En cambio, han sido leídas y comentadas algunas citas del artículo "Las causas del atraso de América Latina", aparecido en nuestra prensa en 1959, con el objetivo de encuadrar algunos elementos fundamentales. Así pues, se resalta de las características de la colonización española, el enorme poder que luego las clases terratenientes adquieren y consolidan con la independencia, obstruyendo el libre desarrollo en sentido capitalista de estos países y primera causa del drama que atenaza el continente latinoamericano.
Se puede decir que Méjico todavía forma parte de este
mundo, aunque habiendo adquirido, al precio de sanguinarias revoluciones,
las bases de un moderno Estado capitalista, con todos sus elementos de
crisis. Con sus 90 millones de habitantes, puede ser considerada una área
crucial para el futuro desarrollo de la crisis revolucionaria en el continente
americano.
Marx-Engels sobre España
Ha sido expuesta la última parte del examen, que considera el desarrollo de la primera Internacional en España, según los escritos de Marx y Engels. La Internacional (AIT) se introduce en España simultáneamente con la organización anarquista "Alianza de la Democracia Socialista", de Bakunin, por lo que los dirigentes de la Internacional en España pertenecían, en un primer momento, al mismo tiempo a la Alianza. El centro, con sede en Suiza, de esta organización, había mentido al Consejo General de la AIT, la cual había autorizado su adhesión a la Internacional con la condición de que se disolviera como organización internacional y que sus diferentes secciones pasaran a integrar la AIT individualmente en pro de un centralismo real. Así que, la Alianza funcionaba secretamente dentro de la AIT, con el objetivo de hacerse con la dirección, o si esto no le era posible, desorganizarla.

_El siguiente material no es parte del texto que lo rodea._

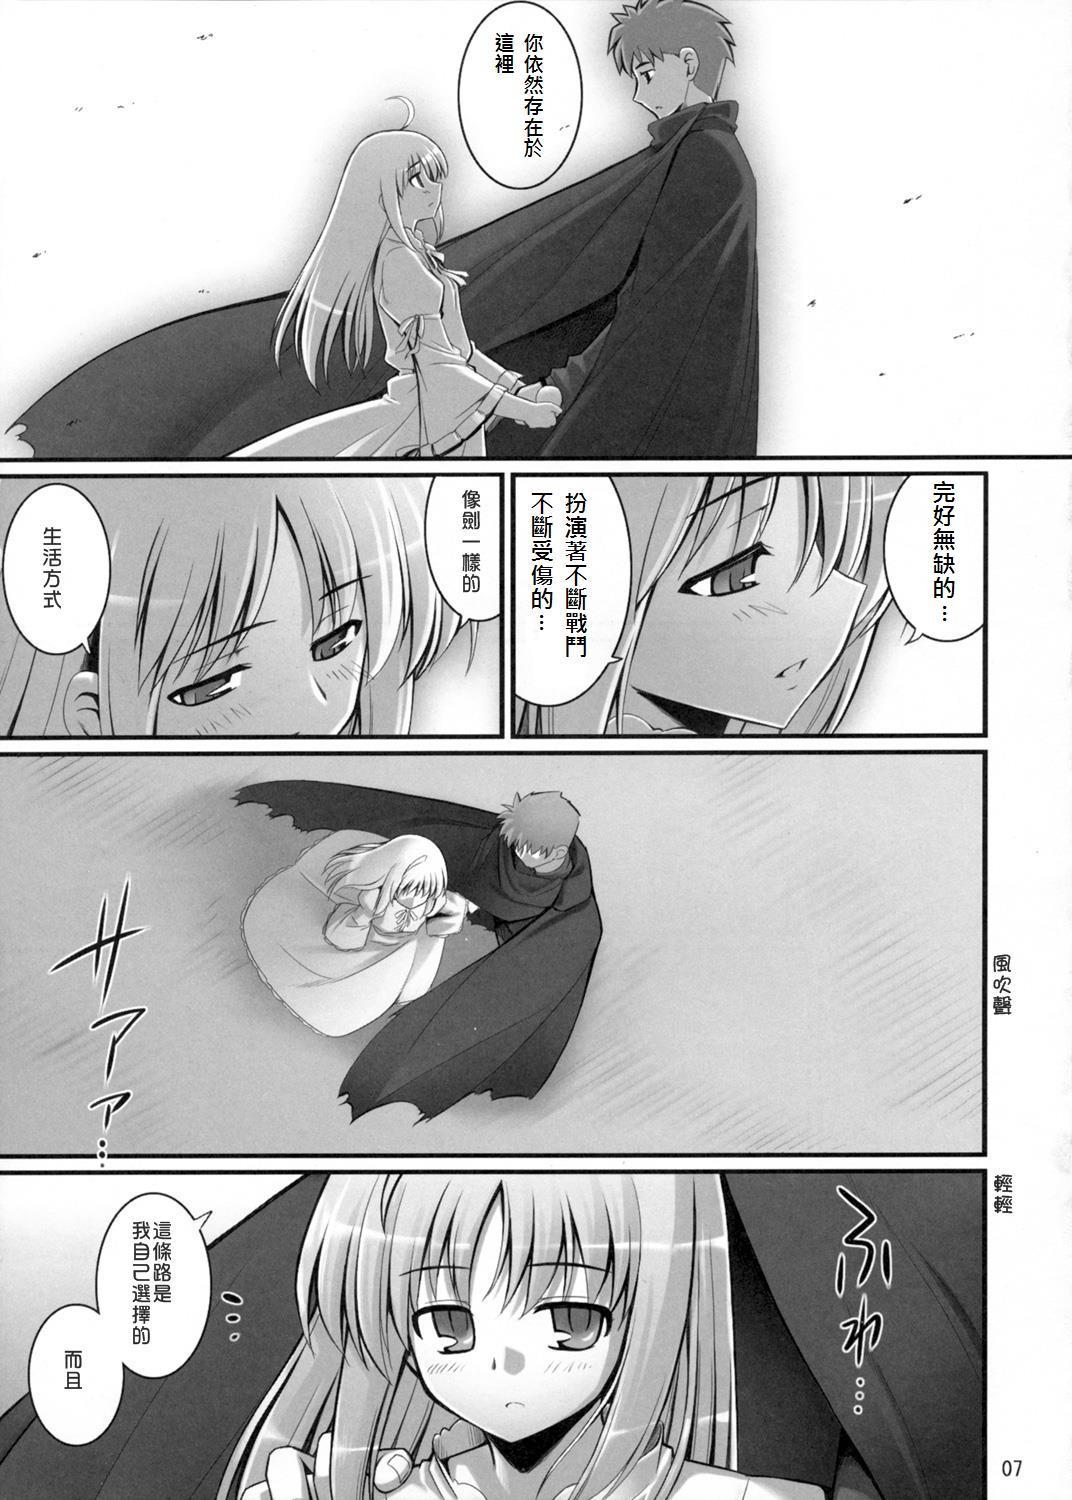 Periscope RE 06 - Fate stay night Sex Pussy - Page 7

Algunos miembros españoles acabaron por denunciar y abandonar la Alianza y se constituyeron en 1872, en "Nueva Federación de Madrid", reconocida directamente por el Consejo General, mientras los dirigentes españoles, agentes de la Alianza, se negaron a reconocerla.

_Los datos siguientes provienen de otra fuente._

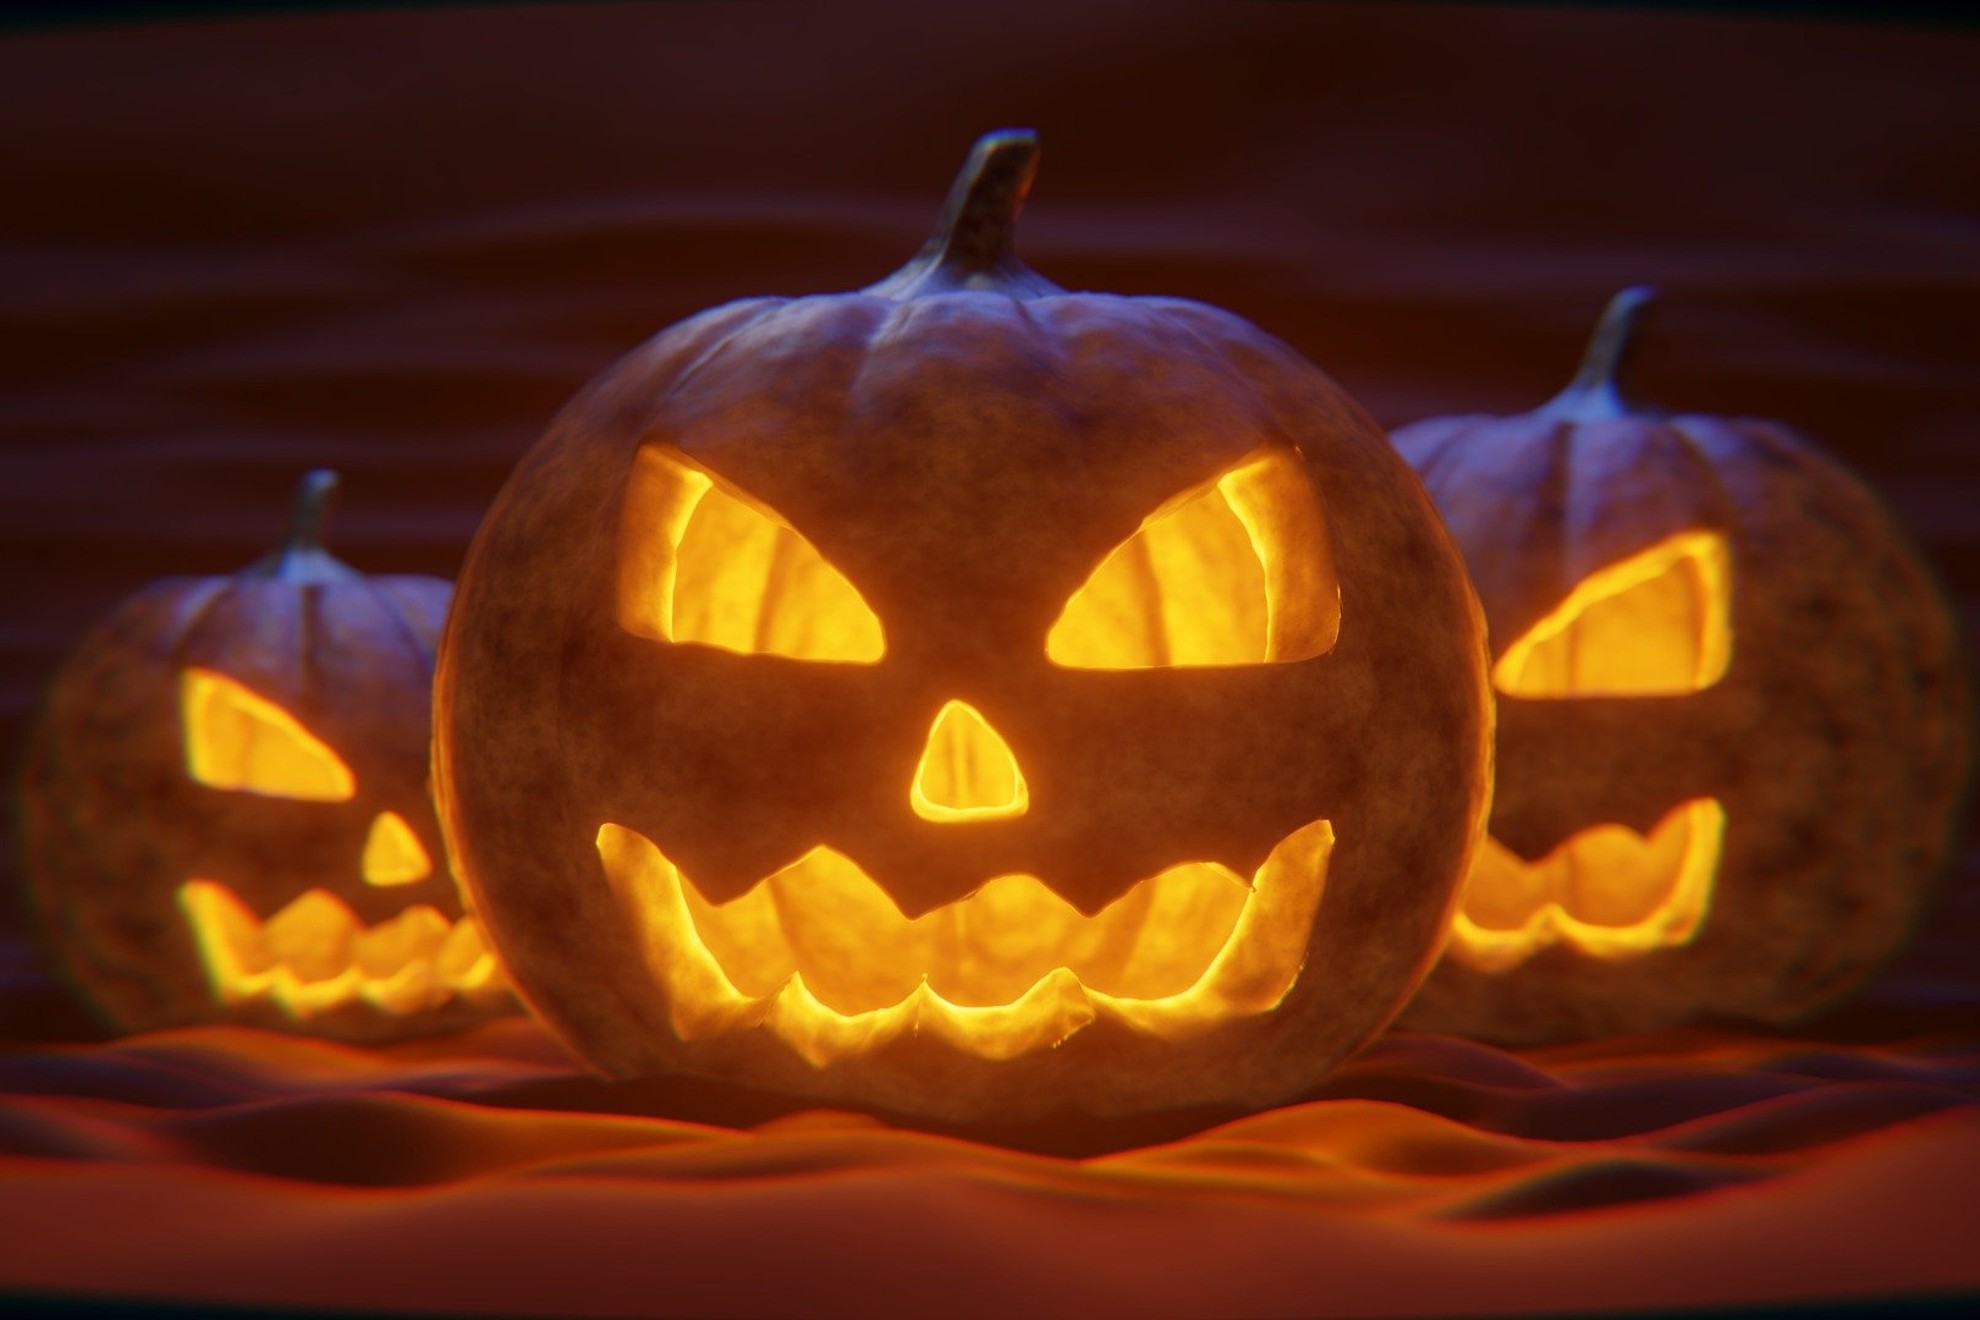 The true story of the pumpkin on Halloween: Why are pumpkins a symbol of the holiday?

Después del Congreso de la AIT celebrado en La Haya, en el que tiene lugar la expulsión de los bakuninistas, se produce la ruptura en España, donde las federaciones locales eran numerosas. Prácticamente sólo la "Nueva Federación de Madrid", siguió sin dudarlo al lado del Consejo General, mientras los "aliancistas" consiguieron mantener a su lado a gran número de federaciones. Sobre todo en España la confusión provocada por el modo de actuar de los anarquistas logró impedir la difusión de las ideas del socialismo científico y arruinó la organización internacional del proletariado español.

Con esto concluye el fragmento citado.